Un phénomène étudié par l'essayiste américaine Susan Faludi, qui a identifié un "backlash", un "retour de bâton", survenu dans les années 80, après la deuxième vague de féminisme, qui a fait avancer dans les années 60 la cause des femmes en matière de droits sexuels et reproductifs, ou en ce qui concerne les violences conjugales notamment. Dans son livre "Beauté fatale", Mona Chollet revient sur ses travaux ainsi que sur ceux de Naomi Wolf, autrice de "The Beauty Myth" : "Puisqu'elles avaient échappé aux maternités subies et à l'enfermement domestique, l'ordre social s'est reconstitué spontanément en construisant autour d'elles une prison immatérielle. Les pressions sur leur physique, la surveillance dont celui-ci fait l'objet sont un moyen rêvé de les contenir, de les contrôler. Ces préoccupations leur font perdre un temps, une énergie et un argent considérables; elles les maintiennent dans un état d'insécurité psychique et de subordination qui les empêche de donner la pleine mesure de leurs capacités et de profiter sans restriction d'une liberté chèrement acquise. (...) Il ne faut pas sous-estimer le traumatisme causé par l'arrivée massive des femmes occidentales sur le marché du travail. Les prouesses esthétiques que l'on exige d'elles sont une manière de leur faire payer leur audace, de les remettre à leur place."
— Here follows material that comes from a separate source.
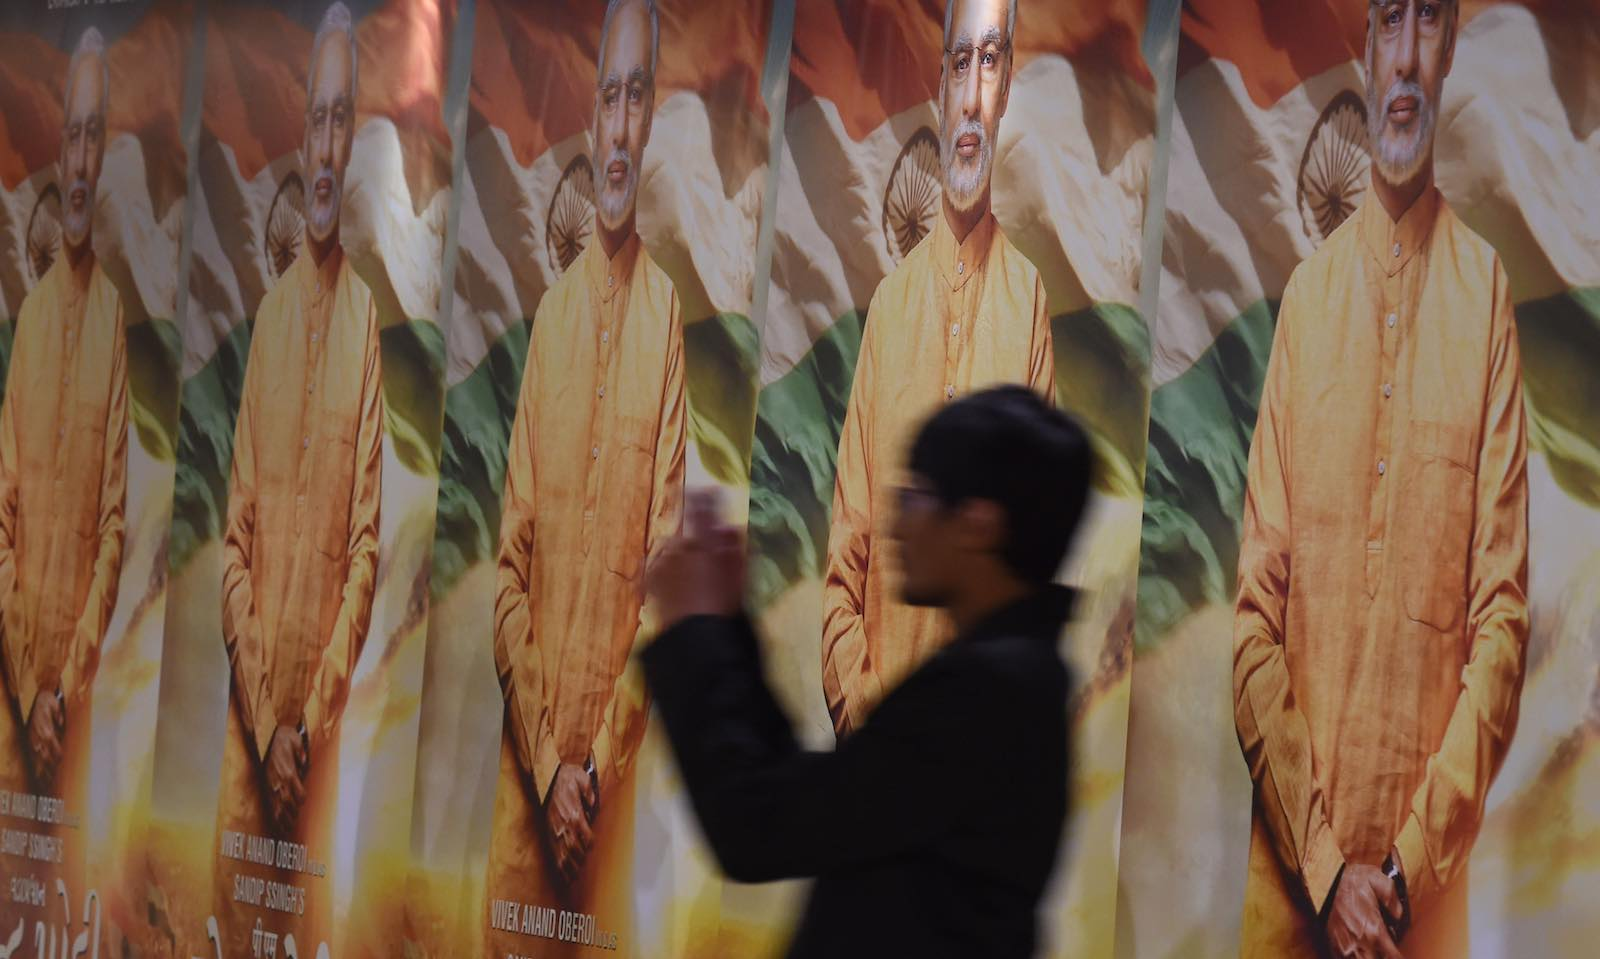 Poster displays for the forthcoming Modi biopic (Photo: Indranil Mukherjee via Getty)

"L'imaginaire collectif est trusté par les mecs. Mais on va changer ça"

Comparer le physique de deux femmes, qui plus est afin de déterminer si l'une est plus belle que l'autre, et de lui conférer ainsi plus de "valeur", c'est donc être sexiste, puisqu'on associe encore et toujours les femmes à la beauté.

On devine facilement que la tournure qu'a prise l'évocation de cette plaisanterie basée sur la ressemblance entre Emma MacKey et Margot Robbie n'était absolument pas l'intention de Greta Gerwig, qui se définit d'ailleurs comme "ultra-féministe, militante", dans une interview pour Marie-Claire. "Les artistes ont un désir de changement : elles veulent plus d'histoires, plus de films, plus de récits écrits par des femmes pour les femmes. L'imaginaire collectif est trusté par les mecs. Mais on va changer ça", a déclaré celle qui a fait la part belle aux héroïnes féminines fortes, têtues et complexes dans ses films. Ainsi, on suit Christine, dans "Lady Bird" (2017), une adolescente tête de mule mais attachante, ou encore Jo dans sa version des "Filles du docteur March" (2019), apprentie écrivaine qui s'accroche à son rêve.

Alors, est-ce que cette blague aux conséquences malheureuses va nous empêcher d'aller voir "Barbie" ? Non, d'autant plus qu'après être sortis de la salle, les spectateurs pourront comparer Emma MacKey et Margot Robbie sur autre chose que leur plastique... Même si elles jouent de jolies poupées.